Thursday, December 6, 2007

Subprime Bailout Plan - If You Have to Ask, It Isn't Shock and Awe

Now today was the kind of day that is exciting! The blogosphere is on fire with commentary, analysis, and feedback. This is the main reason why I get all my news online. There is simply no other place that you can get real time information as well as active discussions involving experts, scholars, and financial small timers like myself.

Subprime Bailout Plan - If You Have to Ask, It Isn't Shock and Awe
Remember on the eve of the start of the second Iraq War, the military said that the use of "shock and awe" would end the conflict swiftly? Remember how the early going was anything but? That's my reaction to the Subprime Rate Freeze Plan that was detailed today by the same administration. Touted as a tool to help troubled borrowers across the country, the plan is laughable as a useful tool of any scale. Indeed, if you have to ask it isn't shock and awe!

The Plan
Tanta over at Calculated Risk has an enormously long post on the finer legal and technical aspects of the plan (warning: easily will take over 15 minutes to read entirely)
Punchline: "Let's not make this harder than it is. What this is about is taking, say, a 2/28 ARM and turning it into a 5/25 ARM (rate fixed for five years instead of rate fixed for two years)."
There was allot of detail provided, but the take away points are both extremely limiting and laughable all at once
(lifted from Housing Panic (
* Mortgage had to be issued between January 2005 and July 2007
* ARM must reset January 2008 to July 2010
* You must not have more than 3% equity in your home
* Home must be worth more than the mortgage
* You must have income
* You must prove that you can make the payments
* You must not be more than 60 days past due
* Program is voluntary with the lenders - government has no authority or legal status

From my trusty back of the envelope calculations, I would hazard a guess that maybe as low as 20,000 people could possibly qualify, and a high end around 50,000. The MAJOR stumbling block is going to be the "Home must be worth more than the mortgage" qualifier.

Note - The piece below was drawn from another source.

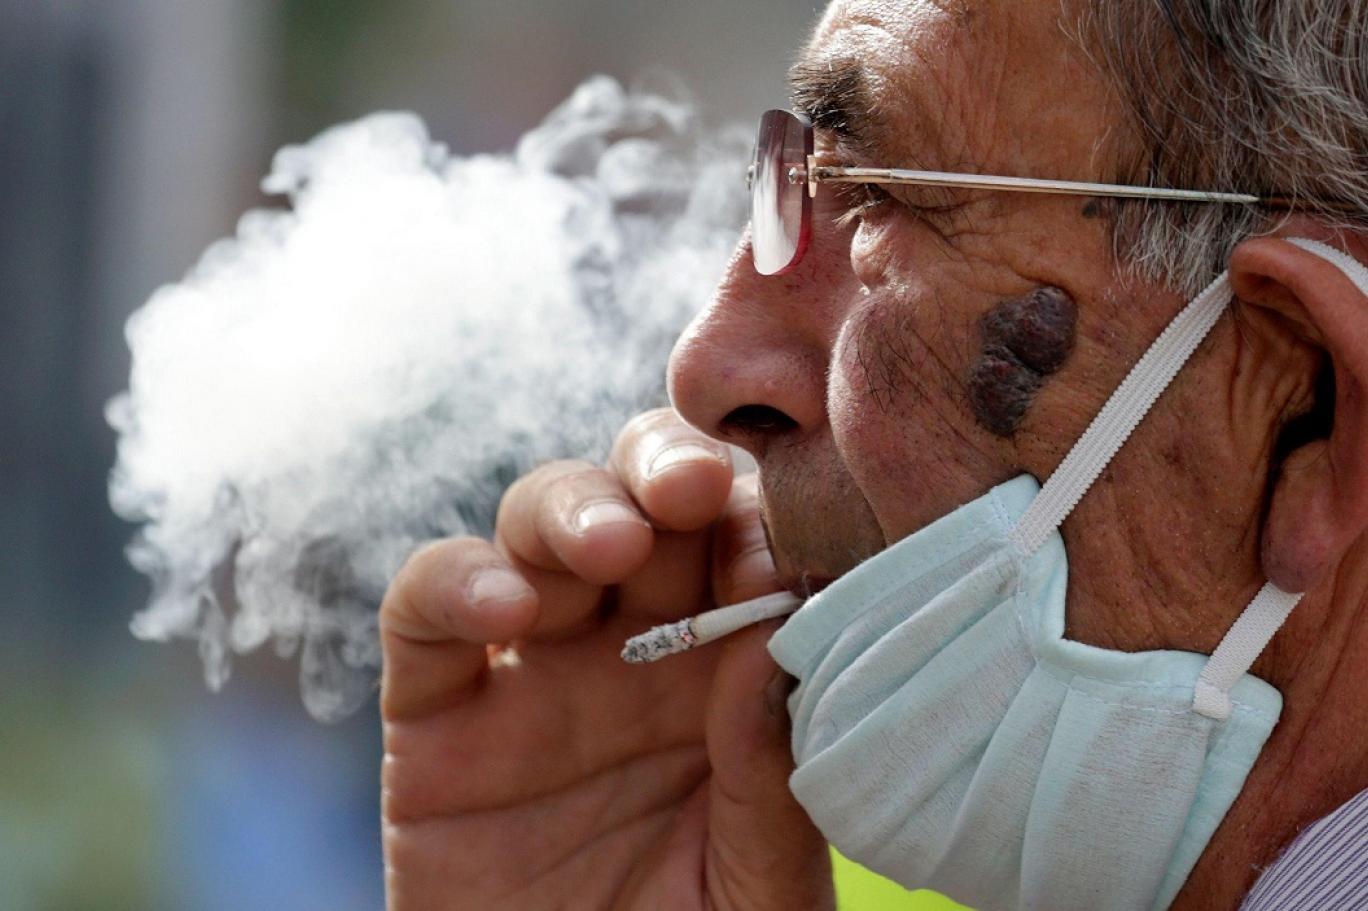 تعاطي التبغ يزيد من احتمالية انتقال فيروس كورونا

That one by itself will severely limit any deal making.

What's it All Mean?
The Cardinal rule that they teach you in fancy management schools is this; "In a crisis situation, you CANNOT be perceived as doing nothing. Any action is better than no action in this circumstance." That about sums it up. This action was done for the following reasons to varying degrees:
  • Extends a new lifeline to troubled banks and lenders by giving the appearance of an improvement in the situation
  • In a similar manner, prop up stock prices going into years end
  • Make an effort to appeal to voters so the Republican party is not hurt in the coming election
  • Restoration of some confidence in the system

I am not saying that any of the above will be accomplished. Certainly long term none of it will. But this was not a long term plan. It is a concerted effort to change the headlines for a while. In that it may be effective. Witness the market rally today. The plan will take a long time to make any improvements, and on a limited scale, but mortgage and home stocks like CFC and TOL were bid up aggressively for no reason. Wall Street never met a rally it didn't like, not even one with an STD.

Doom and Gloom Fix

If you are of the sort that likes to read behind the scenes information, there was a great post today over at Herb Greenberg's MarketWatch blog. Mr. Greenberg has been in contact with a mortgage insider through correspondence for some time, and the letter he posts today is the most clear and honest picture of the issue going forward I have ever seen. It is a must read and I will not forgive anyone that does not take a look:

That's it for tonight. Fun day today. Please leave some comments and keep the discussion alive. I also have a new poll up, so please vote!

Have a good night.


Anonymous said...

This might work for a few borrowers in the midwest but it isn't going to do squat in the bubble areas where most of the problems are. This is from one of the realators who has been on top of this mess for several years in CA.

The federal government has stepped in to broker an agreement among subprime borrowers, servicers, and mortgage-backed investors to freeze their subprime interest rates for five years. To quailfy you had to have received your subprime loan since January 1, 2005 and the balance has to be lower than the value of the house.

There is no chance that this will have any positive impact on our real estate market in San Diego County. None, nada, zero.

The subprime loans are in areas already beset with foreclosures, and values have already plummeted below their loan amounts - even lower than the first mortgages that were 80% of the purchase price.

Not only is this Big Brother sticking his nose in where it doesn't belong, it is clearly anti-California. Once again, the federal government does nothing ot help those in our state.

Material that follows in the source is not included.